Brannon went on to front the punk blues band Laughing Hyenas with his girlfriend Stolarchuk (then calling herself "Larissa Strickland"), and sings for Easy Action. In 2008, Brannon recorded vocals for two songs on Vitamin X's album Full Scale Assault, recorded by Steve Albini.

Moore moved out from behind the drums to front alt-rock act Crossed Wire along with Rob McCulloch. After Crossed Wire, McCulloch attended college and has not pursued a career in music, although he maintains a home recording studio. Moore later embarked on a respected solo career as a roots-oriented singer and songwriter. His band Moore & Sons, featuring Lambchop member Dennis Cronin, signed to the UK's Triumphant Sounds/Drawing Room label.

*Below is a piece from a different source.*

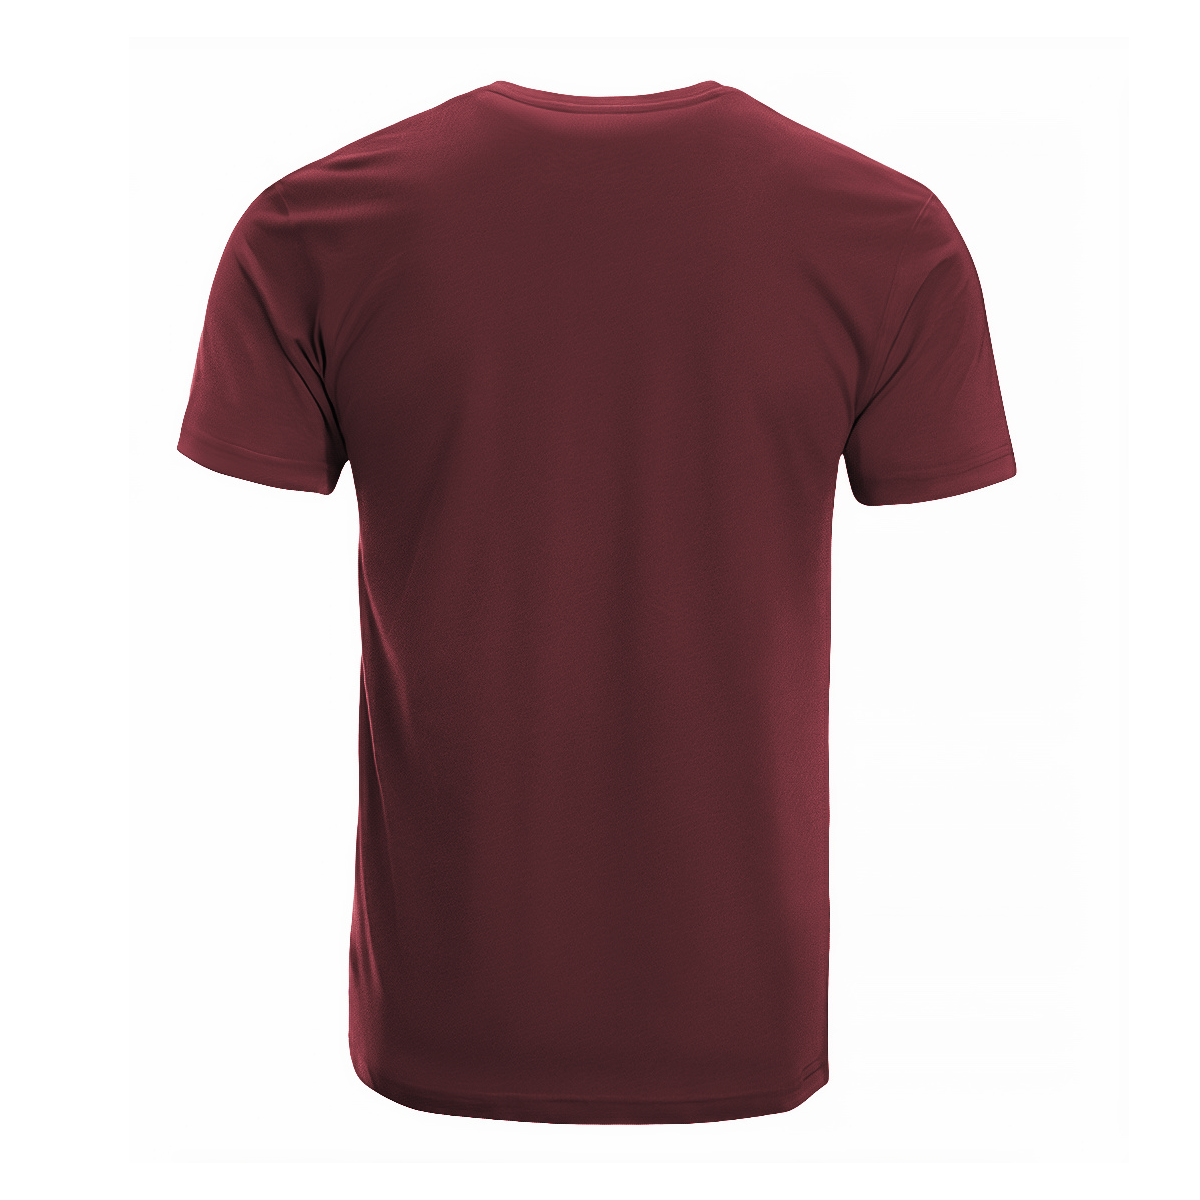 Bain Tartan Crest T-shirt - I'm not yelling style

Graham McCulloch moved to Washington, DC and joined the Meatmen, before forming Earth 18 with Jon "Bubba" Dupree (formerly of Void). Earth 18 released several albums and toured the US, opening for Nitzer Ebb. After Earth 18 disbanded, McCulloch played for several years in Mother May I.

===Reunion (2006–present)===
In May 2006, it was announced that Brannon and Moore would play a Negative Approach reunion show of sorts, for Touch and Go's 25th anniversary show on September 9, 2006, as well as two later shows in the UK (London on December 7 and at All Tomorrow's Parties on December 10). Rob and Graham McCulloch did not join the reunion after Brannon and Moore "kind of ran into some problems" with them; "I got on the phone with Rob, hadn’t really talked to him in years, and by the second phone call he was calling me a fucking asshole. So, that was just not going to work." It was instead announced that Harold Richardson (of Easy Action) and Ron Sakowski (formerly of Easy Action, Laughing Hyenas and Necros) would complete the lineup.

Negative Approach closed out the No Fun Fest in Brooklyn, New York on May 20, 2007. Thurston Moore played guitar on two songs at the start of their set.

The band did a brief reunion tour in the northeast United States in April 2008, performing in Brooklyn and Providence. They also played the wedding of Anal Cunt founder Seth Putnam. The band did a lengthier tour of Europe in June 2008, and later that year, a concert in Los Angeles. In 2009, they played a string of shows in the U.S.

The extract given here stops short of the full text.